Emmanuel and Natalie died on Sunday and Tuesday respectively when their homes were destroyed in landslides caused by heavy rains.
Noting that planning standards for various developments “were not maintained by different ministers over the years,” Dick-Forde denied she was accusing any of her predecessors, among them Diego Martin West MP Dr Keith Rowley or TT High Commissioner to Canada Camille Robinson-Regis, of breaching the Town and Country Act.
As she expressed condolences to Emmanuel’s and Natalie’s families at the post-Cabinet news conference at the Prime Minister’s Diplomatic Centre in St Ann’s, Dick-Forde said: “We are really not so much looking at blame but looking into the future; how we can in fact assist in ensuring disasters of this nature do not occur.”
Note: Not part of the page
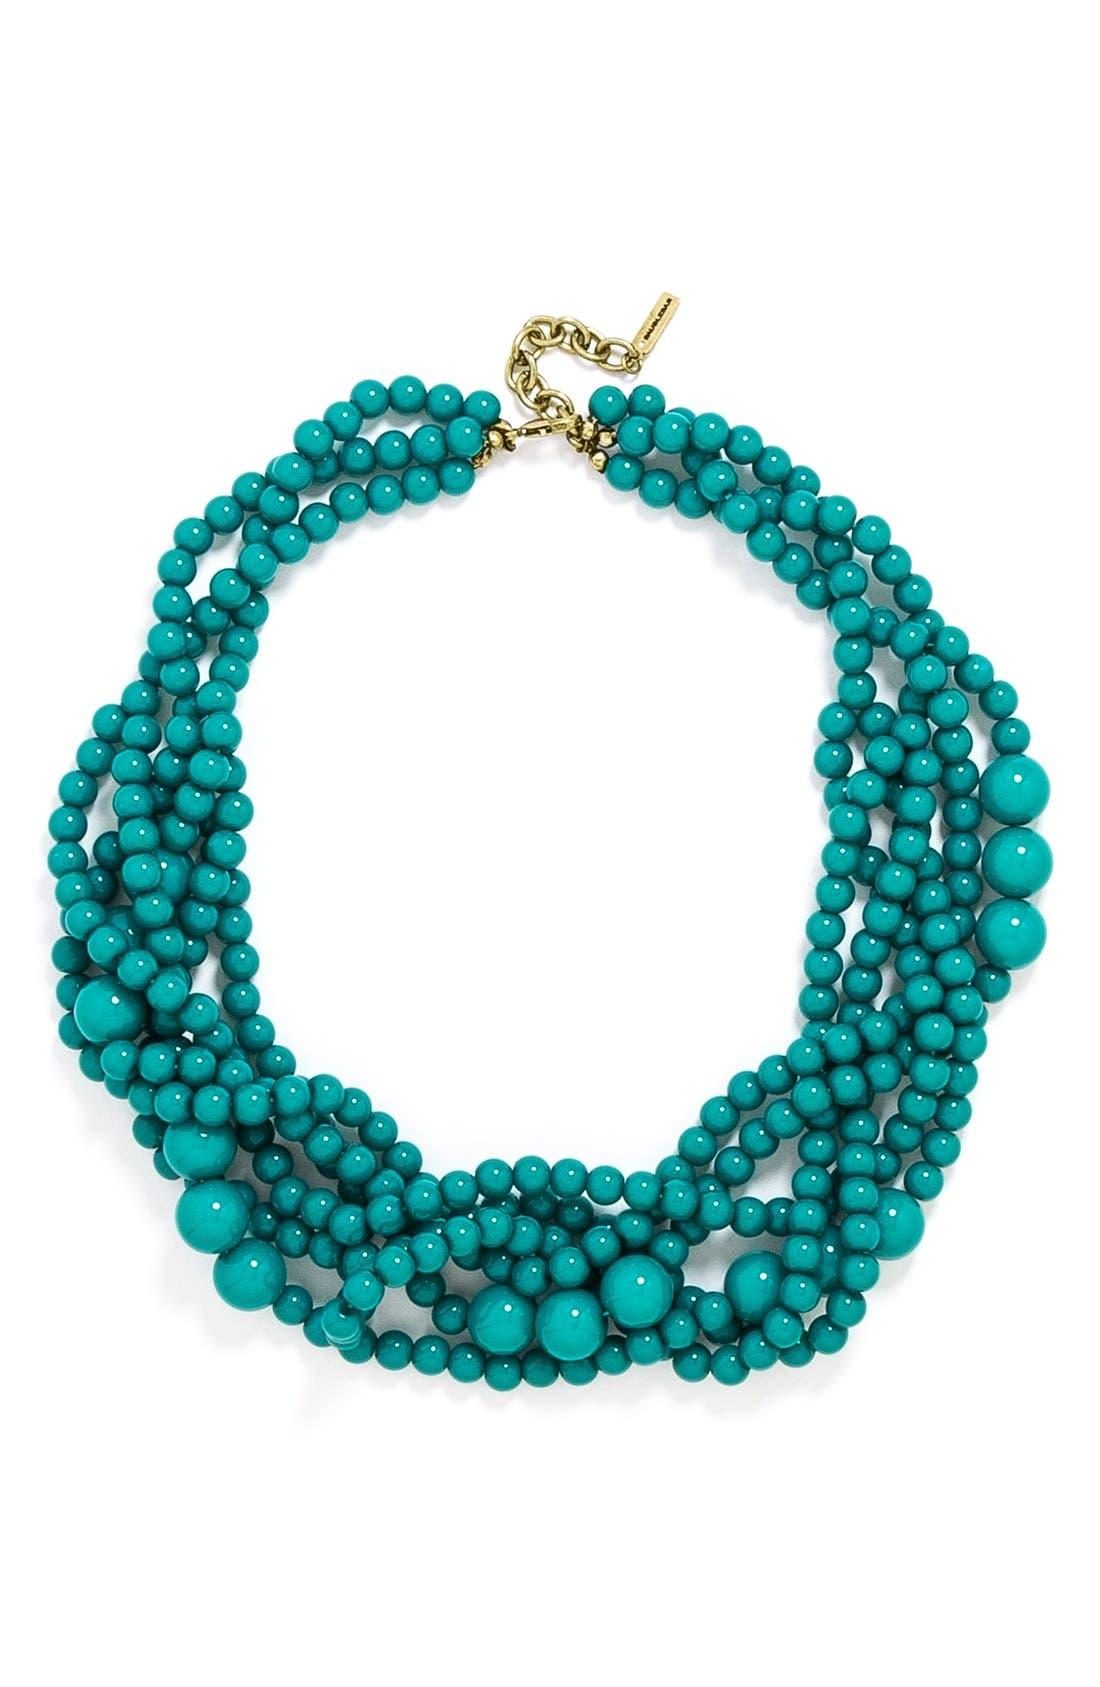 Alternate Image 1 Selected - BaubleBar 'Bubblestream' Collar Necklace

Dick-Forde said ministry teams which visited the locations of Emmanuel’s and Natalie’s homes in Maraval and St Ann’s respectively reported that, “these sites were on the type of soil that is unsuitable for built developments and should be maintained perpetually under permanent vegetative cover.” The minister said clearing such lands for housing or agriculture “results in slippage, slumping and landslides.”
“Additionally, both sites appeared to have inadequate drainage for runoff of water from the slopes which contribute to landslides,” she added.
Government has been making an effort to relocate persons living in such unsafe locations to safer locations, Dick-Forde said, adding that the Ministry will publish a comprehensive report on all hillside sites which were affected by this week’s heavy rains to give the public an idea of the proper planning guidelines which must be followed in undertaking such developments.